The charter school advocacy group is also represented by the lobbying firm Swatek, Azbell, Howe and Ross (SAHR), two of the firms principals, Dax Swatek and Tim Howe are mentioned in the indictments of Hubbard on 23 felony counts of public corruption. Another owner, John Ross, is referred to in court filings as having directed money at Hubbard request, as part of what the State describes as an alleged scheme to pass money from the ALGOP to Howe’s companies and then back to Hubbard’s business interest.
Stover writes, “Today, private money is being spent in an effort to reshape the face of public education and, by default, to affect your work as a local school leader.”
But, in Alabama, few seem to be aware of the close ties between big business, high finance and Republican leaders.
From hedge fund managers, to real estate tycoons, charter schools are offering a stable return on investments and millions are being spent on state elections that ensure politicos stay on point and keep hammering the message of chapter school expansion.

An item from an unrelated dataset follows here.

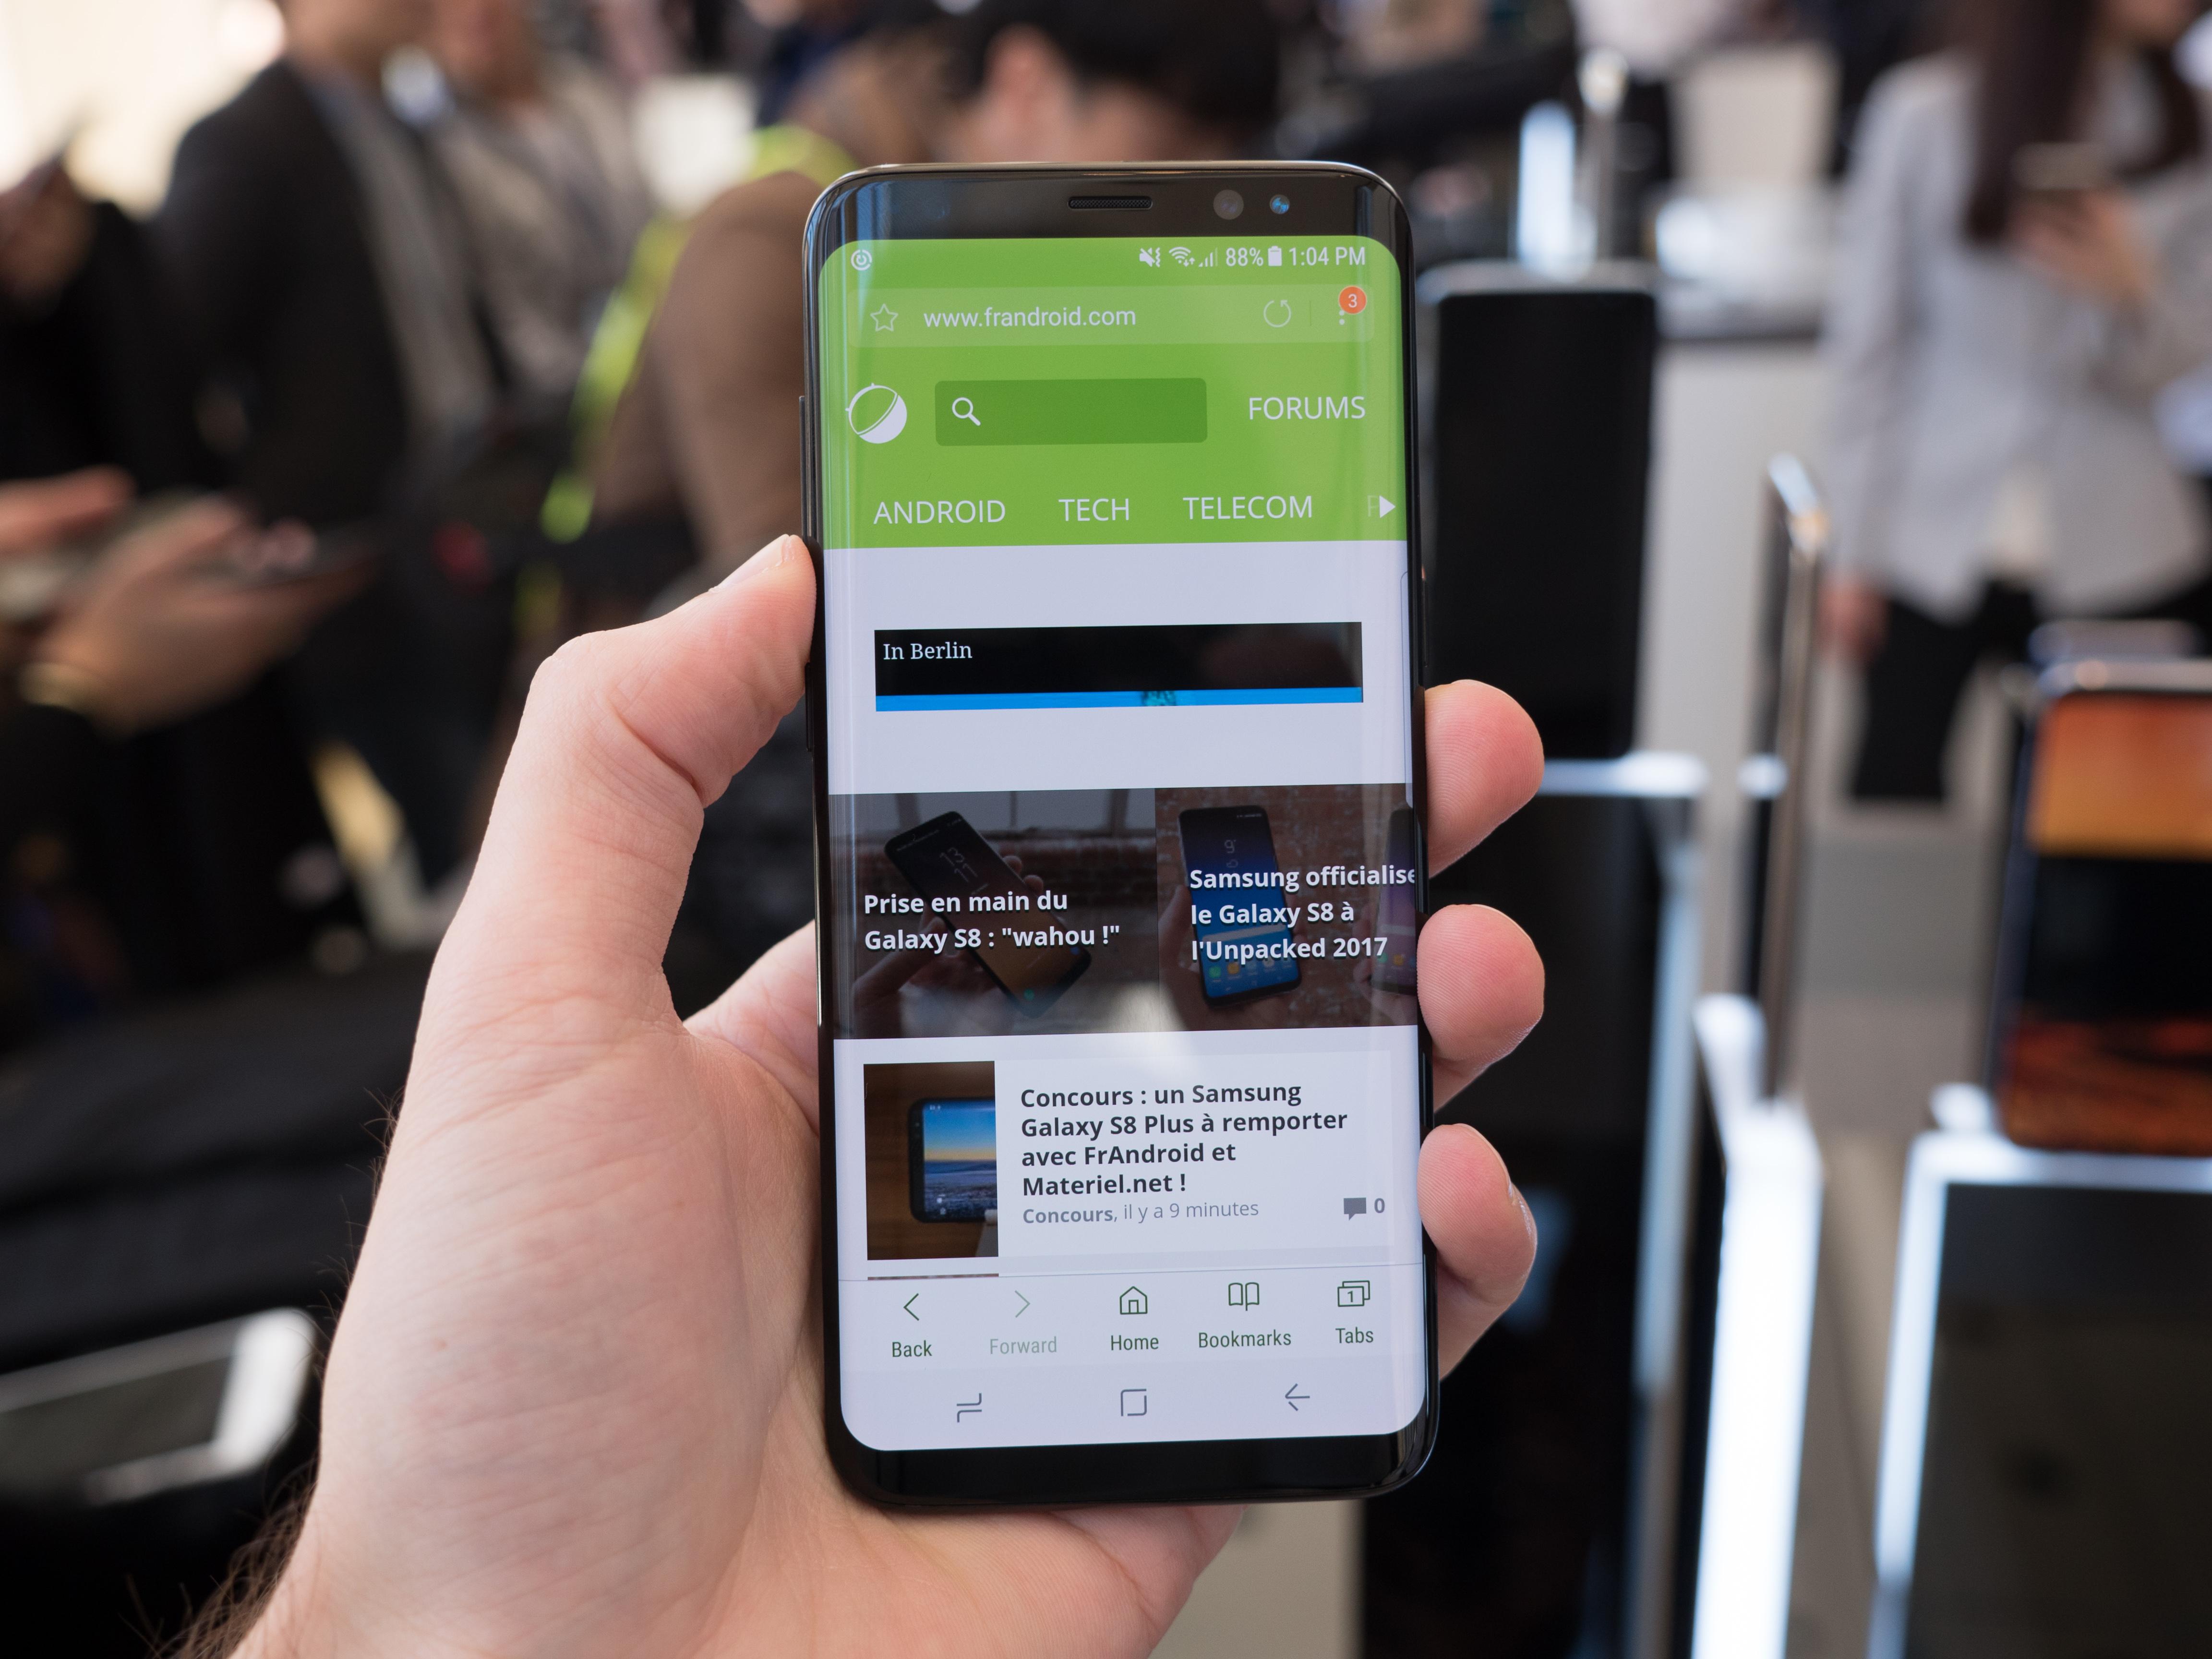 Comparatif Htc U11 Vs Samsung Galaxy S8 Vs Huawei P10 Vs Lg G6 Vs

Writing for RawStory, Laurie Levy points out 5 facts about Charter schools:
1. There is no data that supports the idea that charter schools are superior to public schools.
2. Unlike public schools, charters can pick and choose their students. Children with special needs are not chosen.

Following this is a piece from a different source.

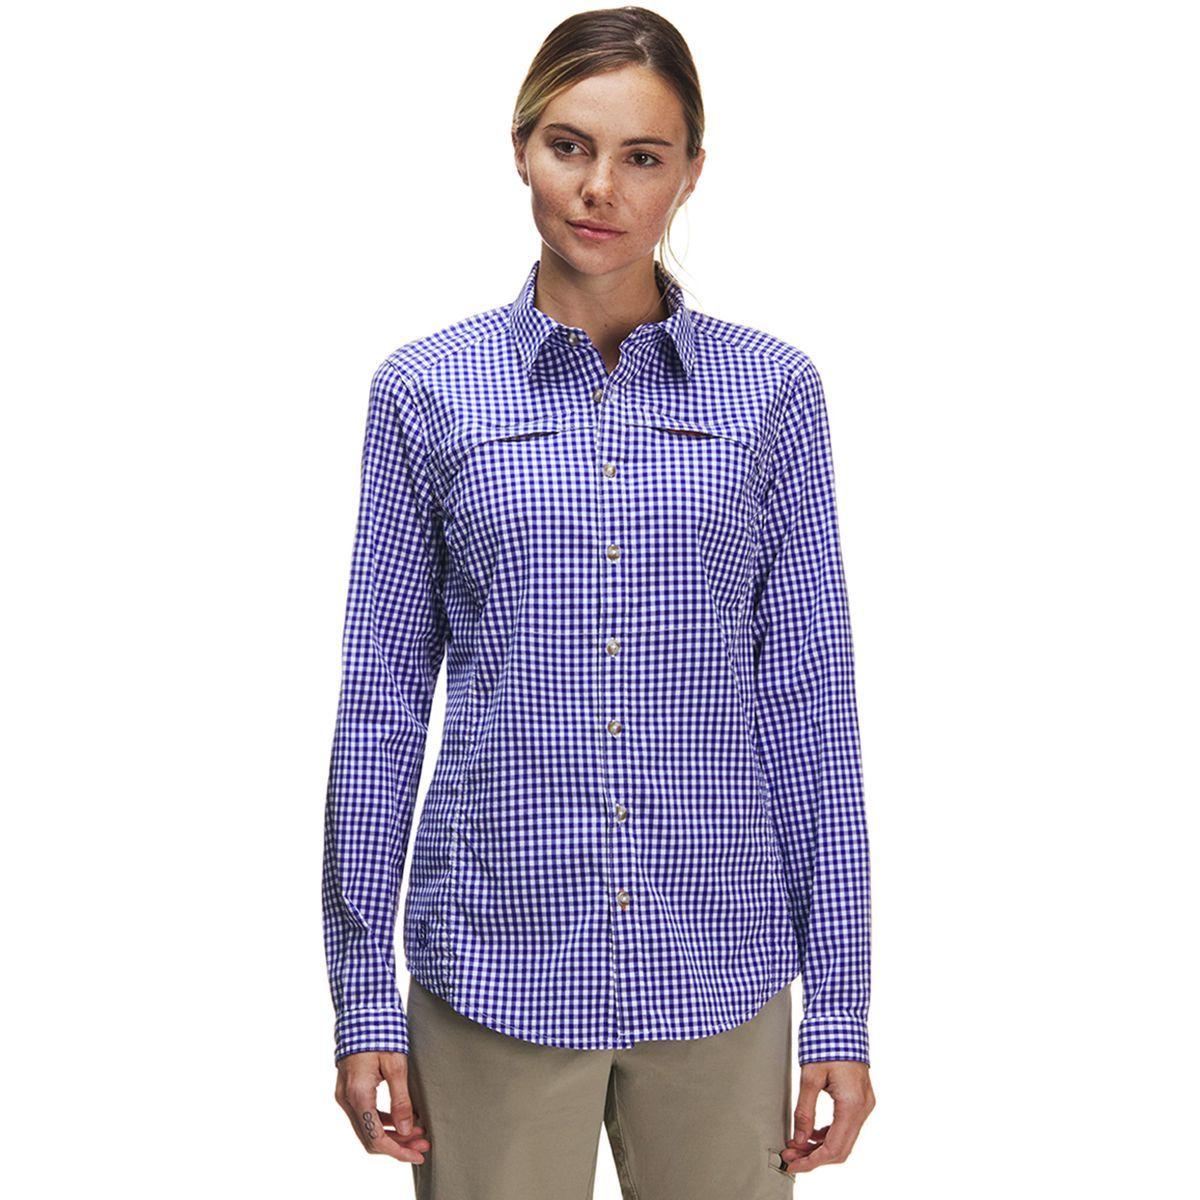 Orvis River Guide Tech Gingham Long-Sleeve Shirt - Women's

3. Children who are better resourced with more family support are the winners in the school choice game.
4. It’s family income, stupid.
5. Public schools, in some communities, are doing just fine.
Marsh says he wants to make Alabama’s Charter schools the best in the Nation.
For now, education professionals will just have to take his word.
CORRECTION: In an earlier version of this story AEA was identified as being absent from the charter school public hearing. The list this publication was given of those speaking in opposition to the bill was incomplete. We are sorry for the error.